Posted by Neil Rose, Editor, Legal Futures
QualitySolicitors (QS) founder Craig Holt has been in an understandable lather over the past couple of days, providing his followers on Twitter with a near-hourly countdown to the screening of QS’s first ever television advert, shown at 8.40pm on ITV1 last night. Not for QS a cheesy advert on a dodgy satellite channel at a time when only the retired, ill and workshy lazing on their sofas are around to watch.
I have to say I was impressed – if you missed it, you can see it on the QS website here. I don’t say that because QS is a Legal Futures Associate, or even because it simply looked good. While I’m sure Lockings, Howlett Clarke and Burroughs Day were thrilled to see their names picked out for the advert, what I really liked was the message that firms only become (and presumably stay) QS members if they get the thumbs-up from their clients – ‘Chosen by you’ is the tagline.
The idea that it is the client who is ultimately in charge is a clever one because it subverts what I’m sure is most people’s expectation of their relationship with a solicitor and so makes QS an appealing option for those needing legal help. The way the firms are rebranded on screen to embrace the QS logo implies that these are practices that have bought into this and adopted a way of doing business that is consumer friendly.
I suspect that I am getting a bit overexcited by the advert simply because it is streets ahead of anything I can think of that came before from any other law firm or claims company.
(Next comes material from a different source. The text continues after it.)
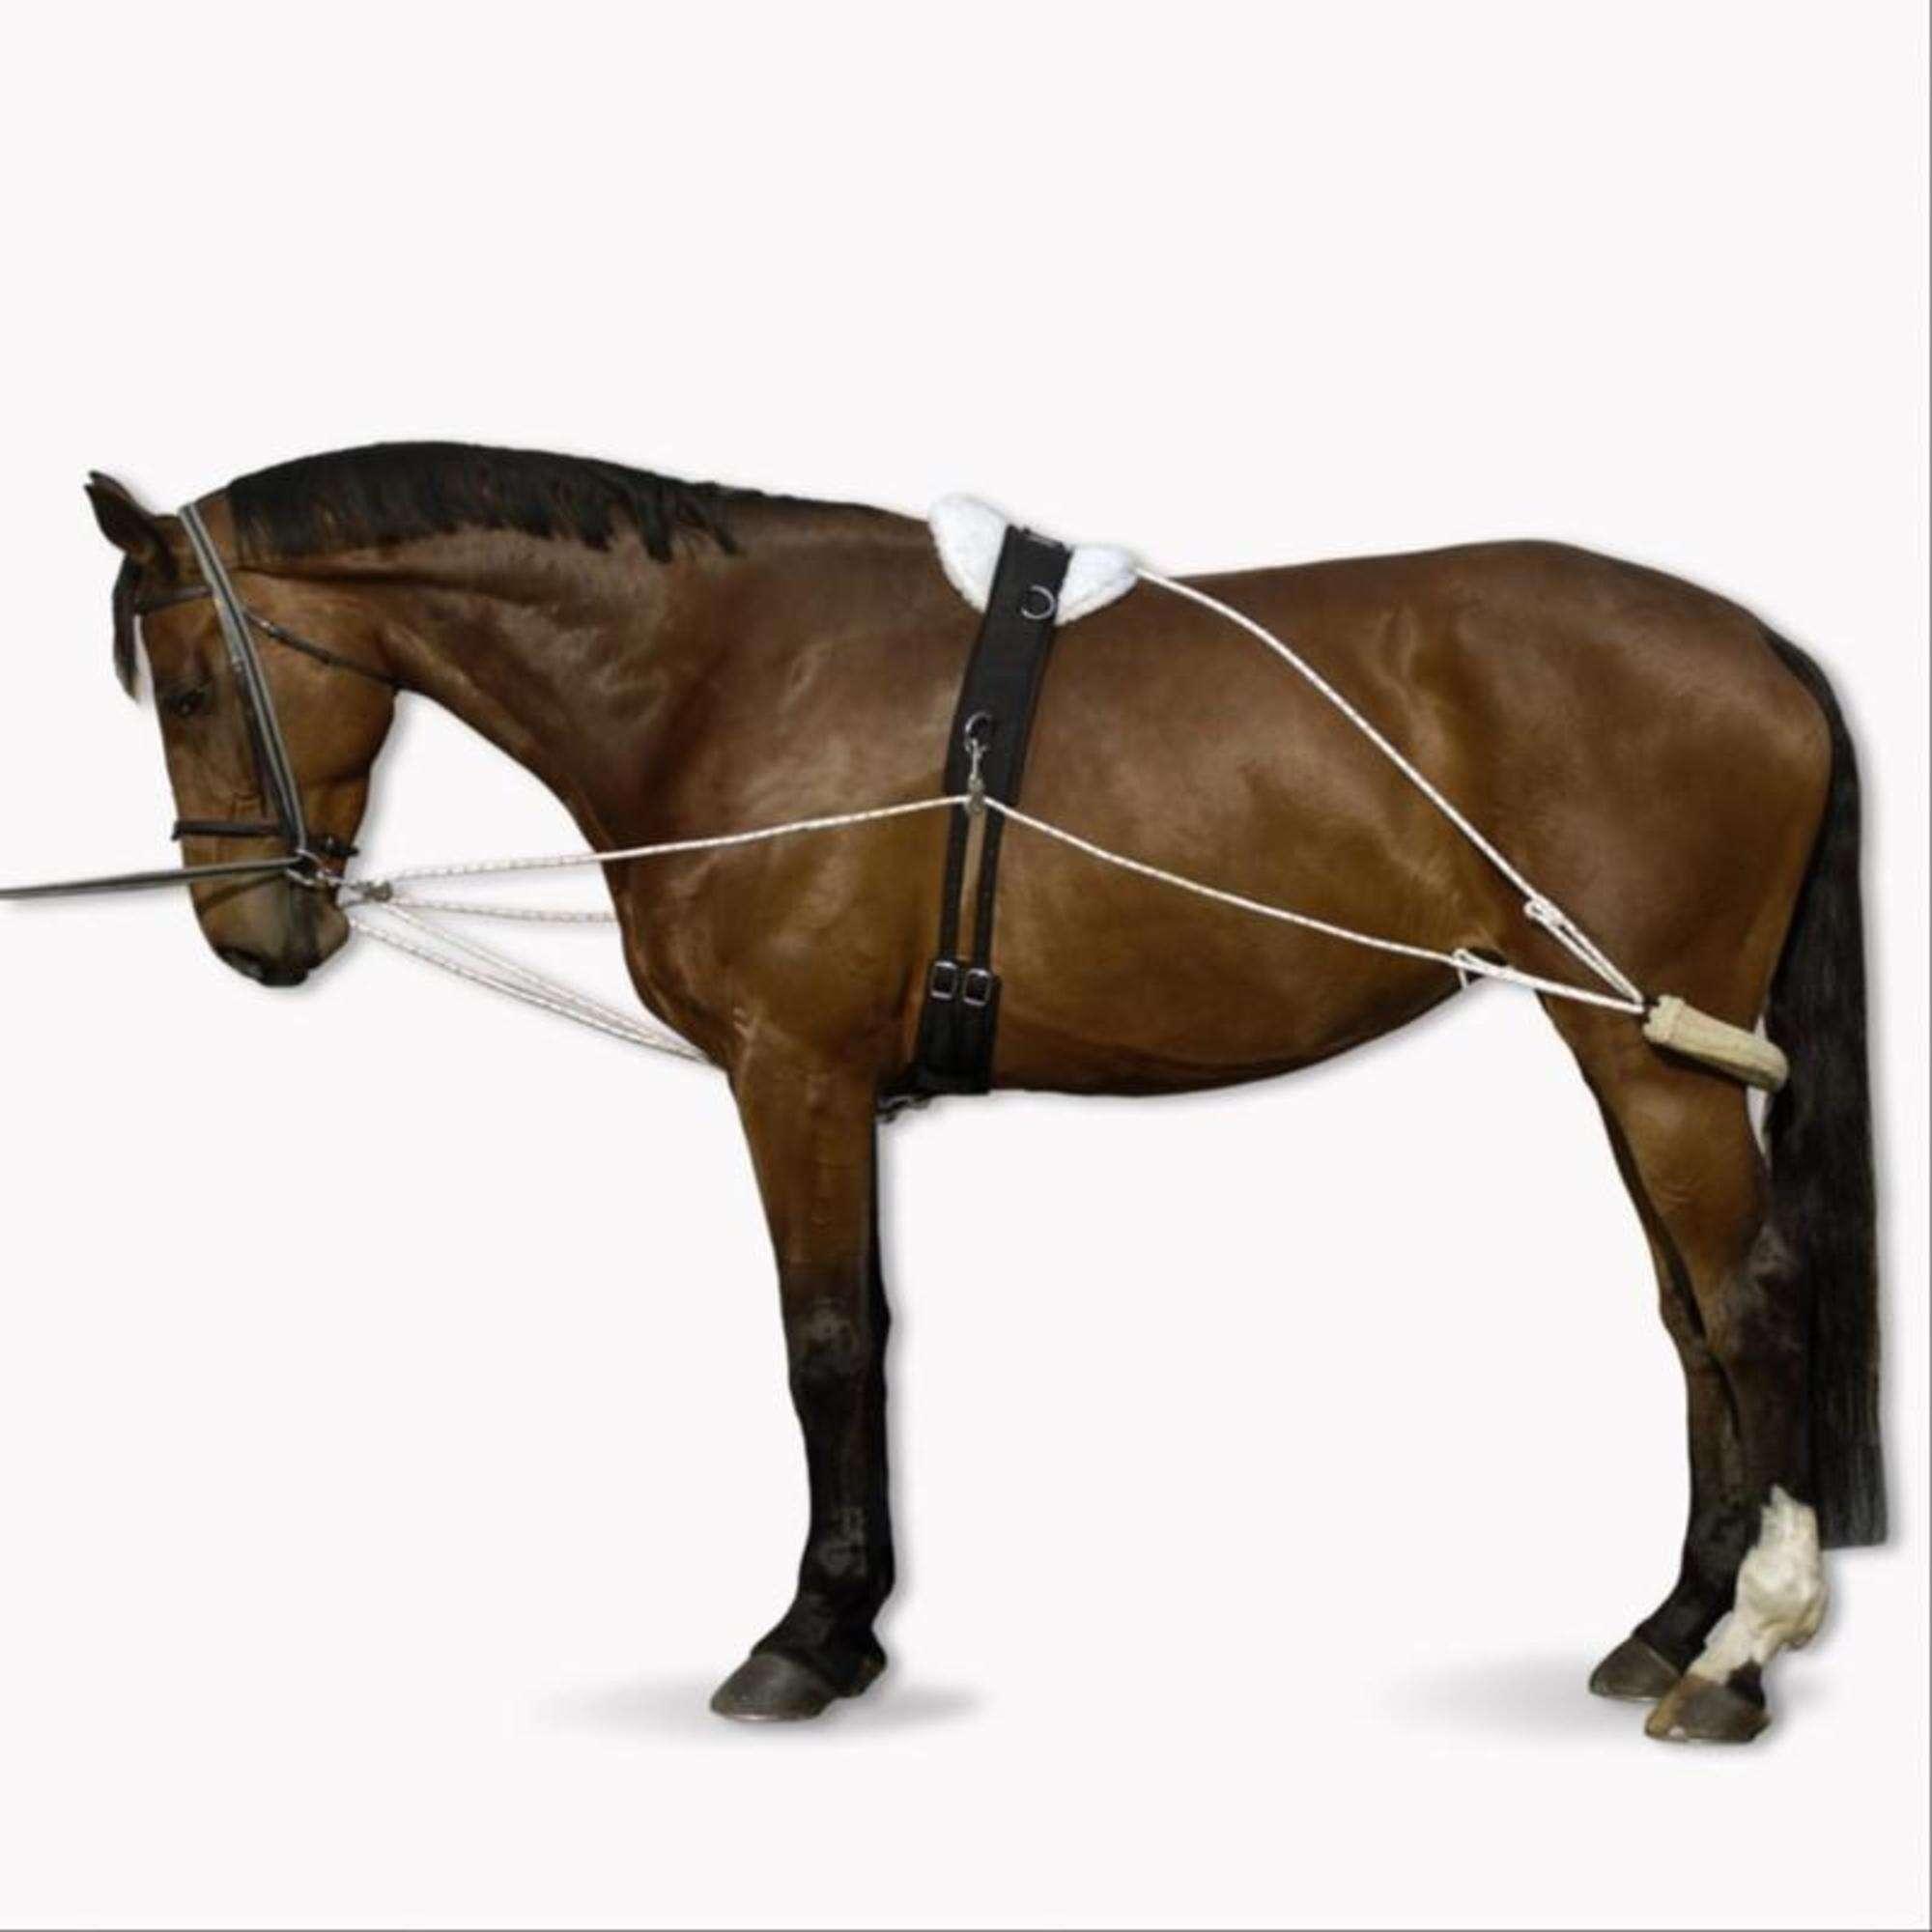 ACESSÓRIOS PARA TRABALHO COM GUIA EQUITA Equitação - Rédeas Polivalentes Equitação NO BRAND - Equipamento do cavalo em trabalho

But then, given that to date advertising of legal services has generally been utterly woeful, this is to damn with faint praise.
But TV advertising, however slick and well thought-out, will only get QS so far. The website, for example, is slightly confusing in that when you search for QS lawyers in certain areas, different types of results are thrown up, reflecting that there are currently different levels of membership. I understand that this is to change over the coming months as more firms take on the QS brand.
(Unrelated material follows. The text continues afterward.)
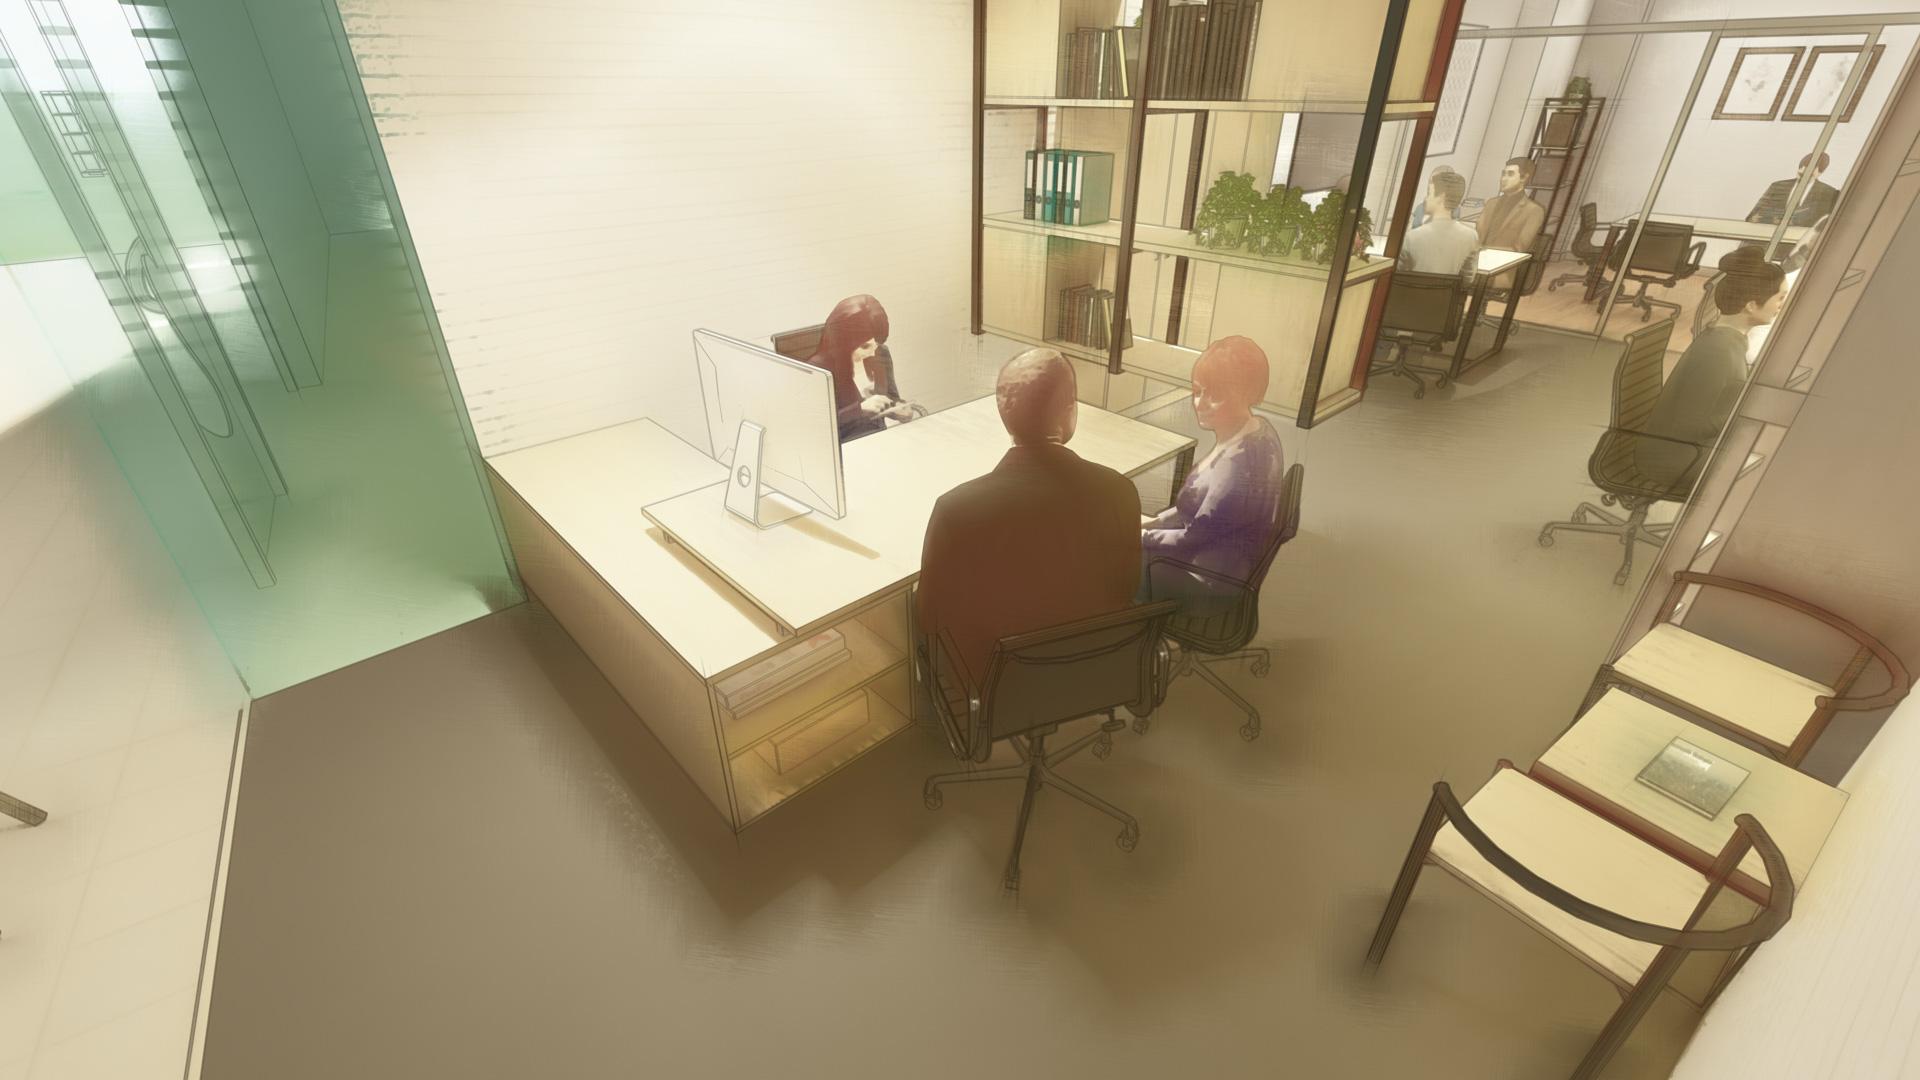 Diseño de interior y de mobiliario estilo industrial para oficina en Jerez

But more importantly, now is the time for the firms in the network to live up to the promise and deliver their services in the more consumer-focused manner promised. There is clearly a lot at stake for them, but having chosen to subsume their brands into QS (even including their URLs in some cases), their commitment to the concept is unambiguous. Good luck to them.
Perhaps appropriately, the advert was shown during ‘Who Wants to be a Millionaire?’. QS and its member firms have got some of the way up the ladder, but there is still a distance to go before they hit the jackpot and the questions asked of them will only get tougher.
I really do feel that QS are to be congratulated on an advert which manages to avoid all of the usual legal symbols and stereotypes whilst still putting across a message which is comfortingly traditional. Its slight similarity to the Lloyds TSB adverts adds familiarity without in any way detracting from what is, for lawyers, a unique event.
Well, that has raised the stakes on the high street – perhaps not before time!